Industrial demand for platinum should remain robust in 2021 based on the PGM market report May 2021, with major applications in the chemicals, glassmaking and electronics sectors continuing to enjoy strong demand.

Price Trends

Since March 2020 the platinum futures price has increased significantly from US$ 718 to the current level of US$ 1171 (07.06.2021), much of it occurring after the United States presidential election in November 2020. This is because the Biden administration is expected to increasingly shift the U.S. from an economy reliant on fossil fuels to one driven by renewable-energy resources. Europe and China will also drive the future platinum demand due to their zero-emissions goals. Because of this many investors are already moving their assets away from fossil-fuel producers and toward companies operating in renewable-energy industries.

During the last 5 years low platinum prices reinforced perceptions that platinum offered ‘value for money’ in comparison with gold and palladium, while investor sentiment was bolstered by the near-term prospect of additional demand in gasoline autocatalysts and longer-term potential for platinum to play a key role in the hydrogen economy.
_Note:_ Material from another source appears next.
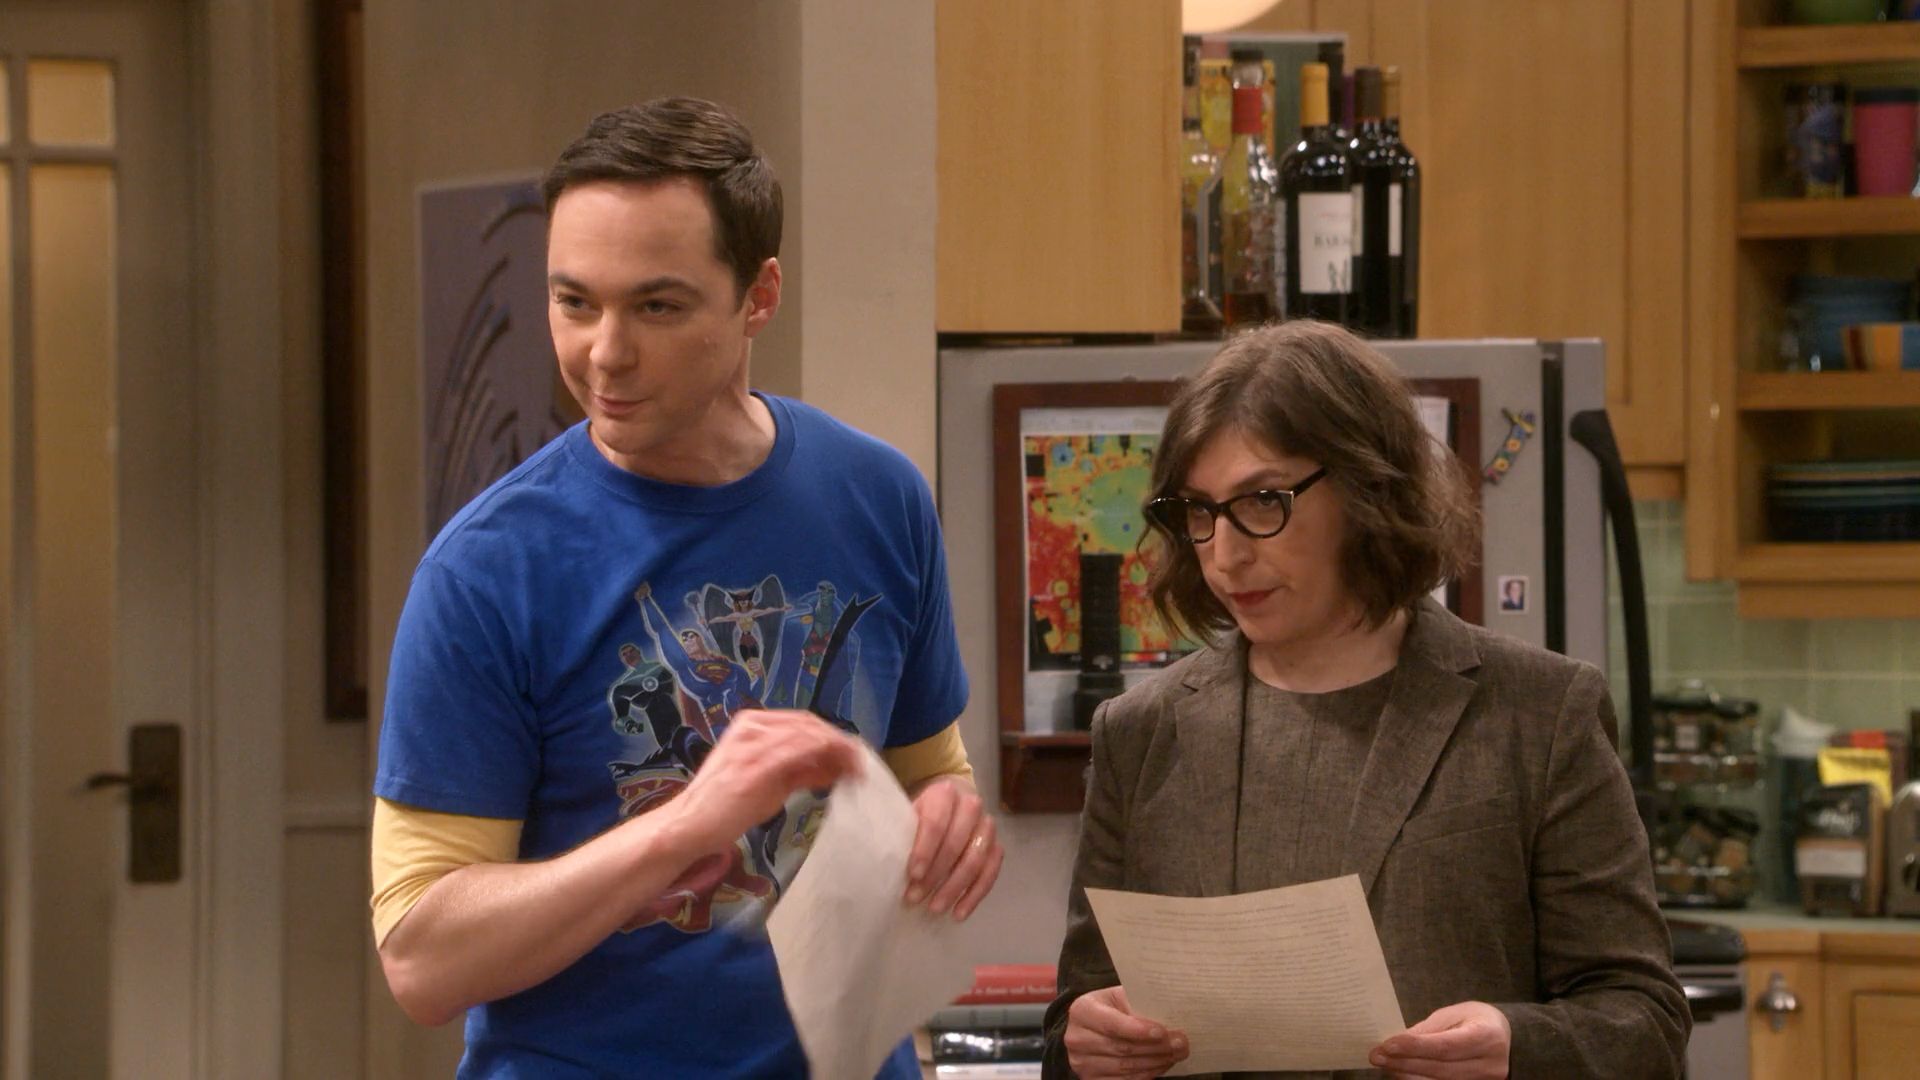 The Big Bang Theory Show Summary Upcoming Episodes And Tv Guide From On My Tv What S On Your Tv We have added screencaps from episode 1.10 the loobenfeld. on my tv

ETF holdings had formed a record level of nearly 4 million oz at the beginning of 2021, while Japanese buyers had accumulated a net 1.9 million oz of platinum bars since 2015. With the platinum price ascending to a six-year high of just over US$ 1,300 in mid-February 2021, and then traded around US$ 1,200 between February and May 2021. In early June, platinum traded at around US$ 1100 per ounce.

For now, if the positive momentum continues, prices could again move towards the US$ 1,300 level in the following months after taking a short-term breather in the second or third quarter in 2021. Stabilization of world economics after Covid-19 pandemic, growing investment demand, and increasing the scale of the renewable-energy industry are powerful levers and price growth stimulators for platinum.
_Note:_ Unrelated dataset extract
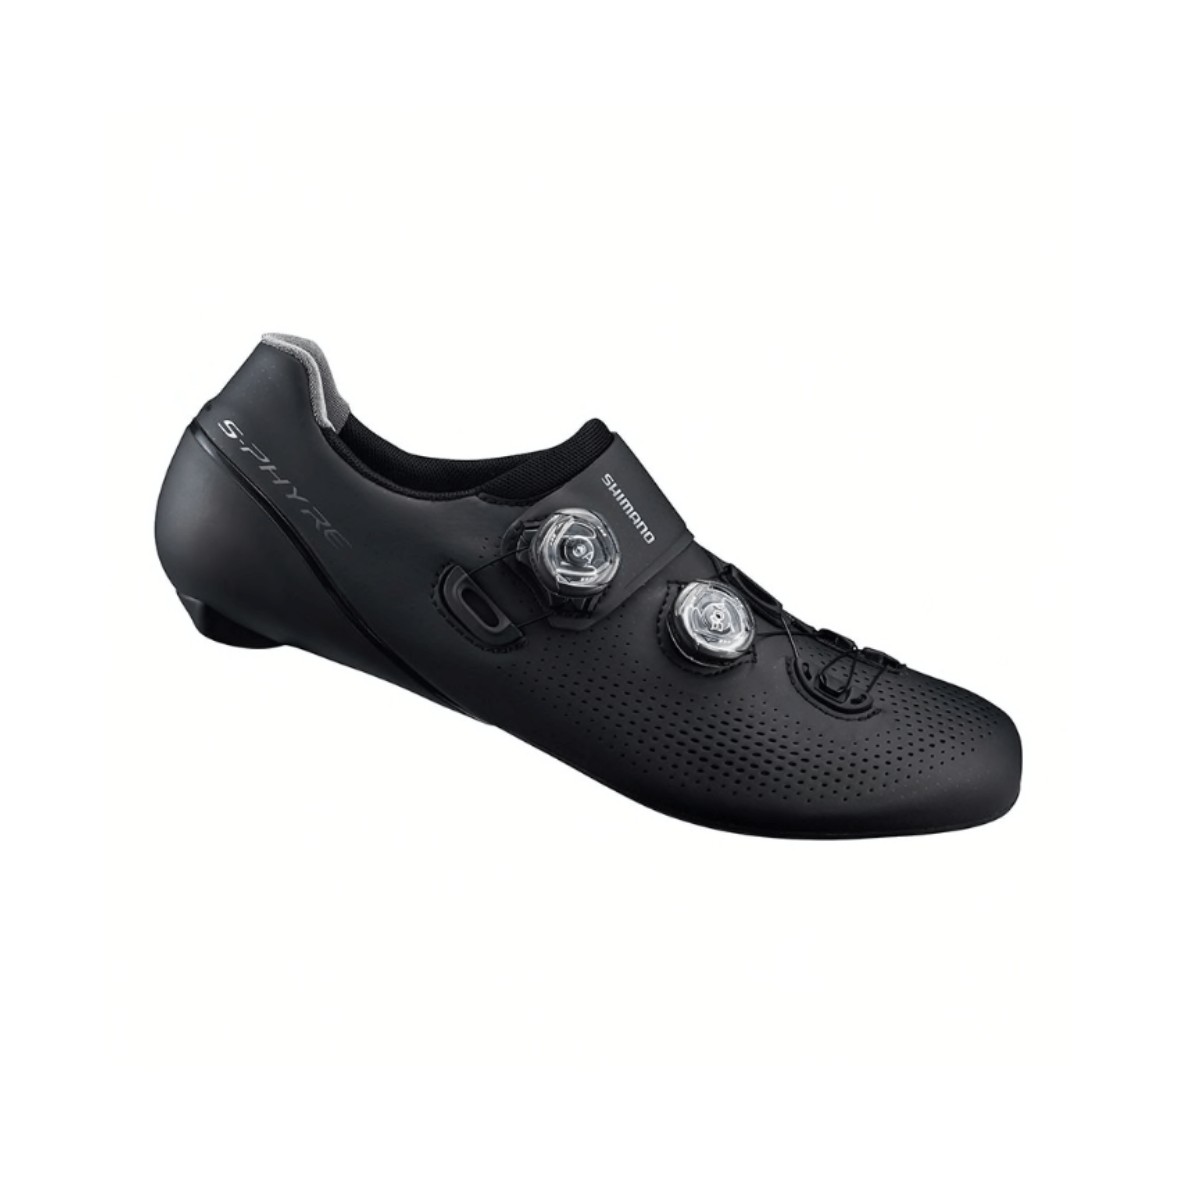 Shimano RC9 S-PHYRE Road Shoes Black, Size 40 - EUR

Platinum price chart, US$/oz:

Platinum graph.jpg

Forecast:

The global focus on climate change and environmental policy has accelerated the development of detailed and coordinated global decarbonisation plans. The focus on decarbonisation and clean energy generation has been central to recent economic stimulus policies announced by the US, Europe, and China. All major global economic blocs are now committed to carbon neutrality by 2050 to 2060. Decarbonisation strategies will be achieved by the development of a competitive hydrogen economy, and production of green hydrogen. Hydrogen is targeted to meet 25% of global energy needs by 2050, being used to generate electricity, drive heavy industry, fuel vehicles and heat homes. Platinum’s role in the hydrogen economy is crucial, it is used in fuel cell electric vehicle (FCEV) stacks and in proton exchange membrane (PEM) electrolysers using polymer electrolyte to produce green hydrogen. Current hydrogen capacity investment plans, for both PEM and alkaline capacity, will be key to reducing the price of hydrogen, in turn driving up FCEV penetration and thus demand for platinum. The long-term demand potential for platinum now looks exceptionally strong, with the combination of platinum for palladium substitution in automotive uses, and development of hydrogen generation and FCEV applications, potentially creating over 1 moz of additional platinum demand by 2025, rising to over 2 moz by 2030.
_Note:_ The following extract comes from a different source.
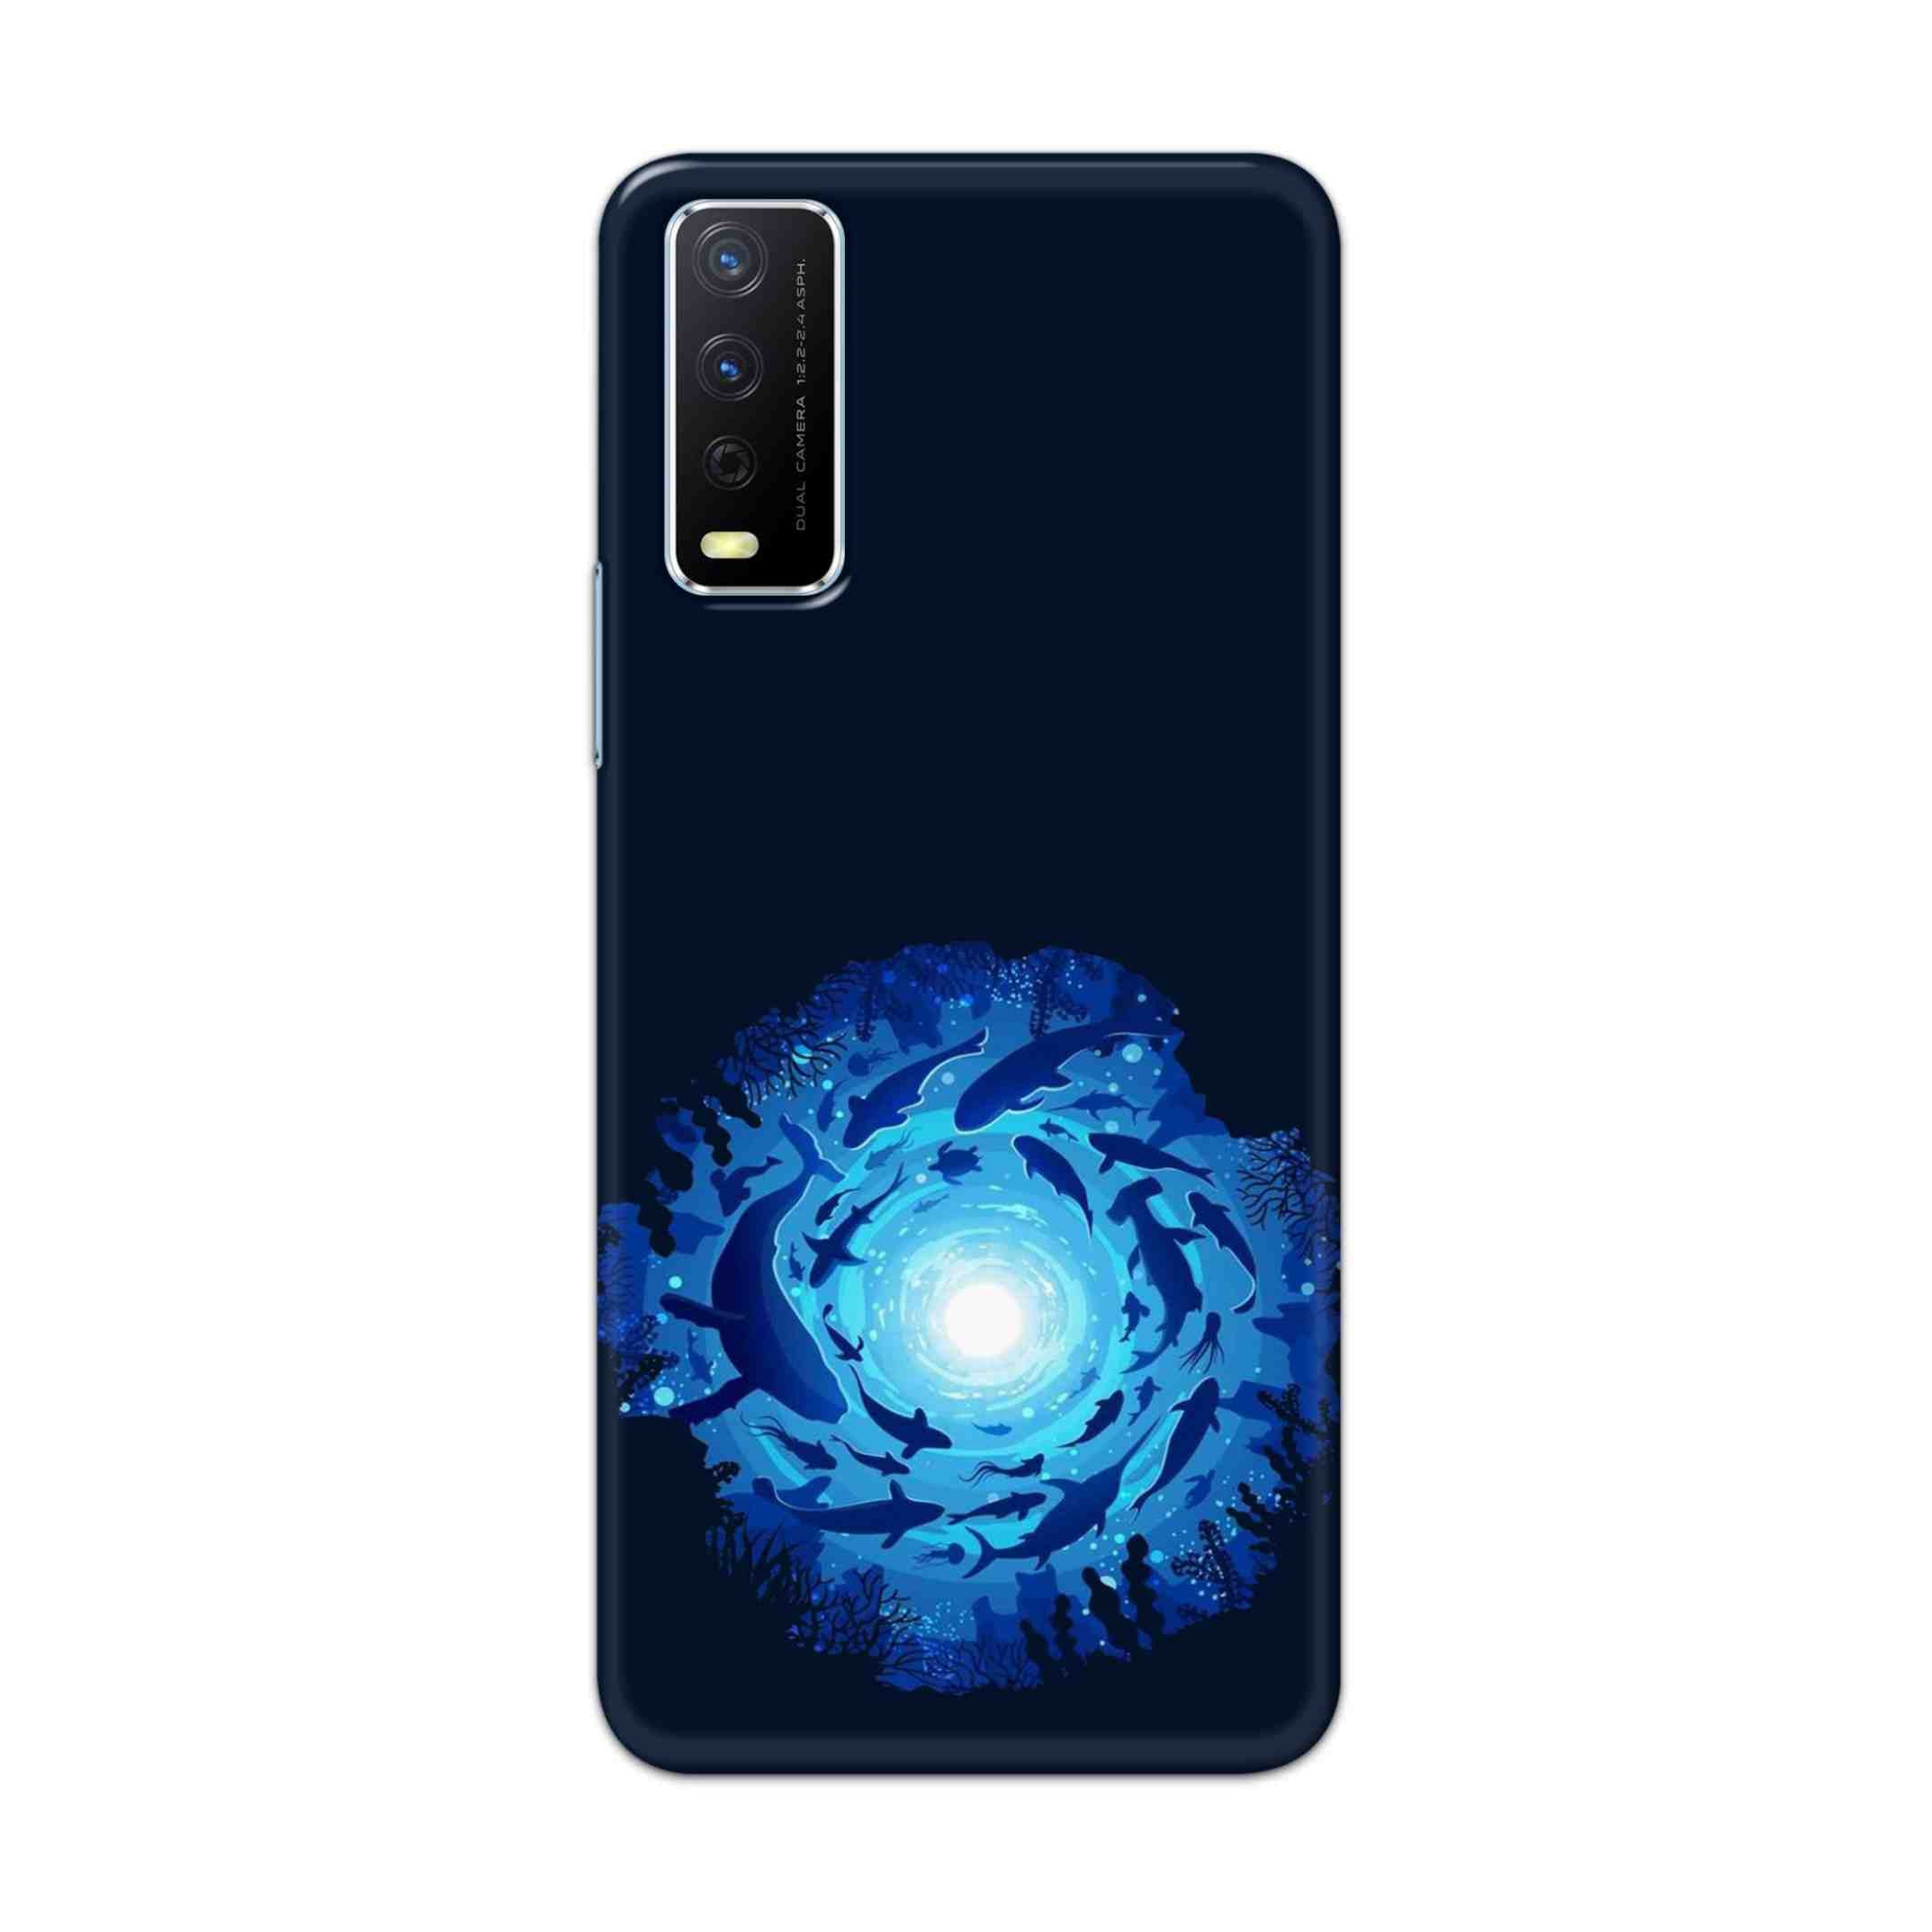 Buy Blue Whale Hard Back Mobile Phone Case Cover For Vivo Y12s Online

According to the WPIC Quarterly Report Q1 2021, for 2021 total platinum supply is forecast to rise 16% year-on-year to 7,883 koz. However, it will remain below pre-pandemic 2019 levels, while total platinum demand is expected to rise by 5% year-on-year to 8,041 koz. As a result, the platinum market is forecast to remain in deficit in 2021, for the third consecutive year. Despite WPIC forecast total investment demand in 2021 being 53% lower than the record levels in 2020, bar and coin demand and ETF demand are expected to remain robust at 436 koz and 250 koz respectively. The accelerating global economic recovery from the negative impacts of the COVID-19 pandemic in 2020, combined with platinum’s compelling demand outlook, is expected to provide a strong incentive for investors to continue to expand platinum exposure. Moreover, further strong growth in the Chinese fuel cell industry over the next few years will drive and stimulate sustainable platinum demand.